Politisch verdrossene Nichtwählende (16%)

Die politisch verdrossenen Nichtwählenden sind mit 16 Prozent vertreten. Noch weitaus mehr als der vorherigen Kategorie fehlt es den Mitgliedern dieser Gruppe an der Motivation, sich an Wahlen zu beteiligen. Sie zeigen das geringste politische Interesse, den seltensten Nachrichtenkonsum und das wenigste Wissen über politische Sachverhalte aller Nichtwählergruppen. Zudem besteht ein Mangel an Ressourcen, was ihre Bildung und das Einkommen betrifft. Ferner suggerieren die vergleichsweise hohe Unzufriedenheit mit der Demokratie, das Misstrauen den politischen Institutionen gegenüber, die geringe Parteiidentifikation und der seltene Austausch über Politik, dass die Nichtwahl ein Ausdruck von tiefer sitzendem Verdruss ist. Diese Gruppe ist tendenziell eher in kleinen Gemeinden und dem politisch linken Lager zuhause.

Abstimmende Nichtwählende (13%)

Die abstimmenden Nichtwählenden machen 13 Prozent der Nichtwählerschaft aus. Sie spielen in mancherlei Hinsicht eine Sonderrolle. Eigentlich vereinen sie viele Voraussetzungen für eine Wahlteilnahme: Vertreter dieses Typs interessieren sich sehr für Politik, lesen häufig politische Nachrichten in der Zeitung und kennen sich in der Politik generell gut aus. Zudem sind ihnen sogar die Kandidierenden bekannt, und Politik erscheint ihnen nicht allzu kompliziert. Allerdings weisen die Mitglieder dieser Gruppe keine allzu grossen Bildungs- und Einkommensressourcen auf. Überdies halten diese Befragten Volksabstimmungen für wichtiger als Wahlen und konsultieren damit lieber die Abstimmungs- als die Wahlurne. Diese abstimmenden Nichtwählenden sind tendenziell jünger und wohnen eher in kleinen Haushalten in grossen Gemeinden.

Unkonventionell partizipierende Nichtwählende (9%)

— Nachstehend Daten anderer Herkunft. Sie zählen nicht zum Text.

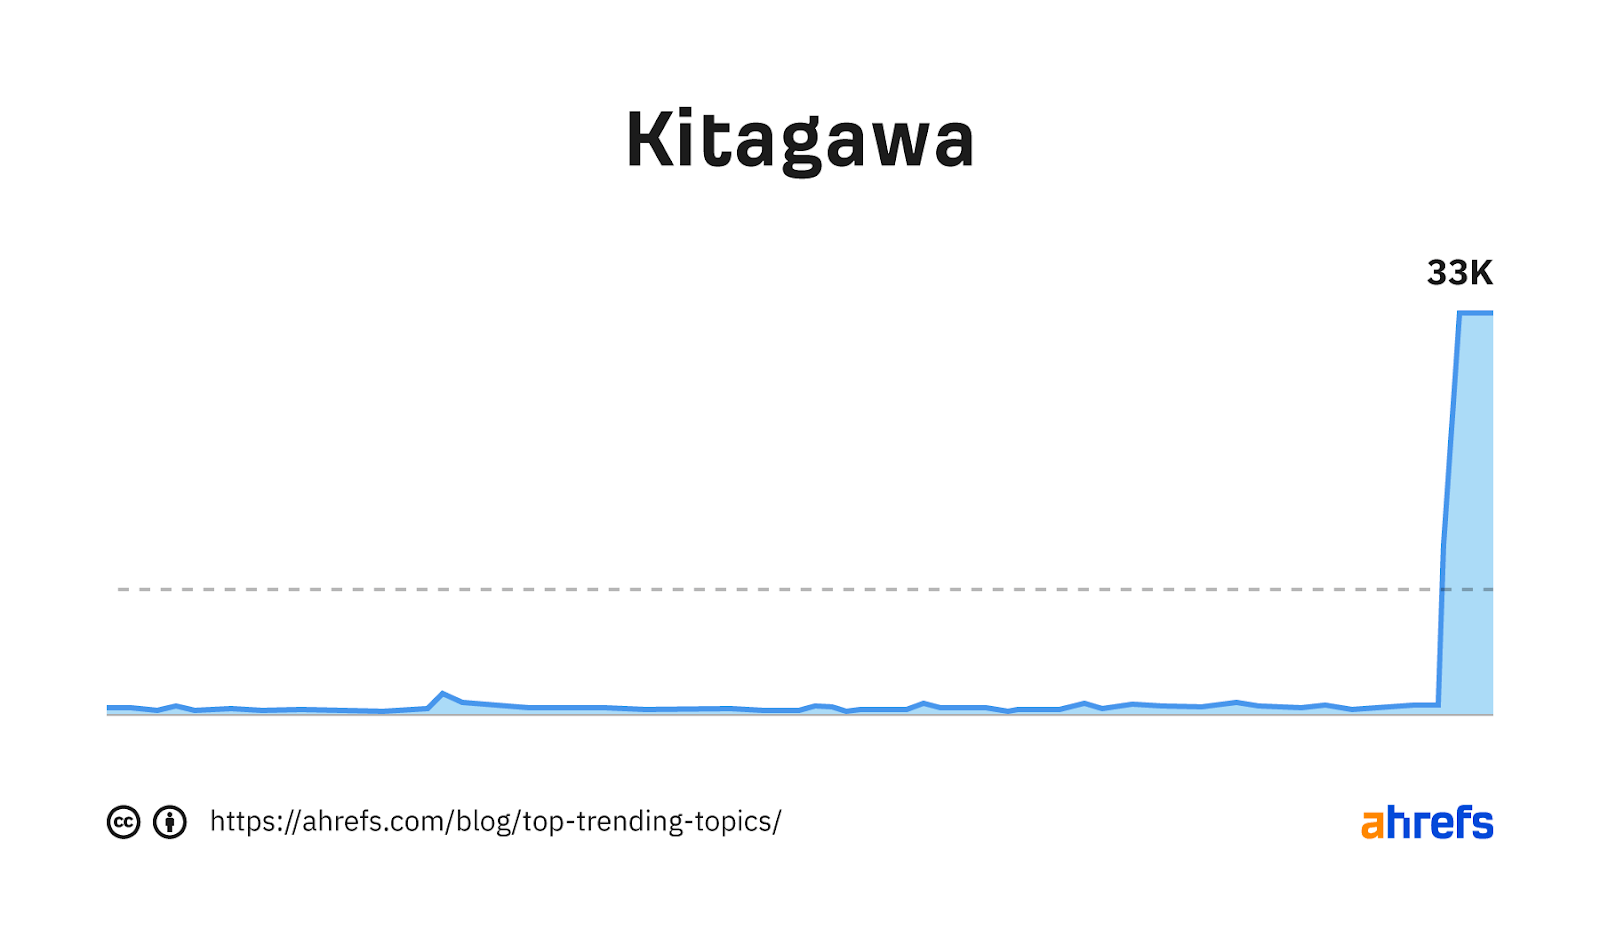 Gráfico de tendencia de la palabra clave "kitagawa"

Die unkonventionell Partizipierenden sind mit nur 9 Prozent die kleinste Gruppe unter der Nichtwählerschaft. Zwar weisen Mitglieder dieser Gruppe einen hohen Grad an politischem Interesse auf und sind sozial recht gut eingebunden. Allerdings fallen die finanzielle Ausstattung und das Humankapital eher gering aus. Auffällig ist in dieser Gruppe der ausgesprochen hohe Anteil ausgeübter unkonventioneller Partizipationsformen abseits der Wahl- und Stimmurne in Bürgerinitiativen, in Parteien oder auf der Strasse. Allerdings ist dies nicht als Protest gegen das politische System zu verstehen. Denn dieser Typus des Nichtwählenden zeichnet sich durch eine grosse Zufriedenheit mit der Demokratie, eine starke Identifikation mit Parteien und durch hohes Vertrauen in die Politik aus. Schliesslich liegt in dieser Gruppe das Durchschnittsalter am höchsten, und es wird am häufigsten im persönlichen Umfeld über politische Themen diskutiert.

aus: Fatke, Matthias und Freitag, Markus (2015): Wollen sie nicht, können sie nicht oder werden sie nicht gefragt? Nichtwählertypen in der Schweiz. In: Freitag, Markus und Vatter, Adrian (Hrsg.): Wahlen und Wählerschaft in der Schweiz. Zürich. Verlag Neue Zürcher Zeitung: 95–120.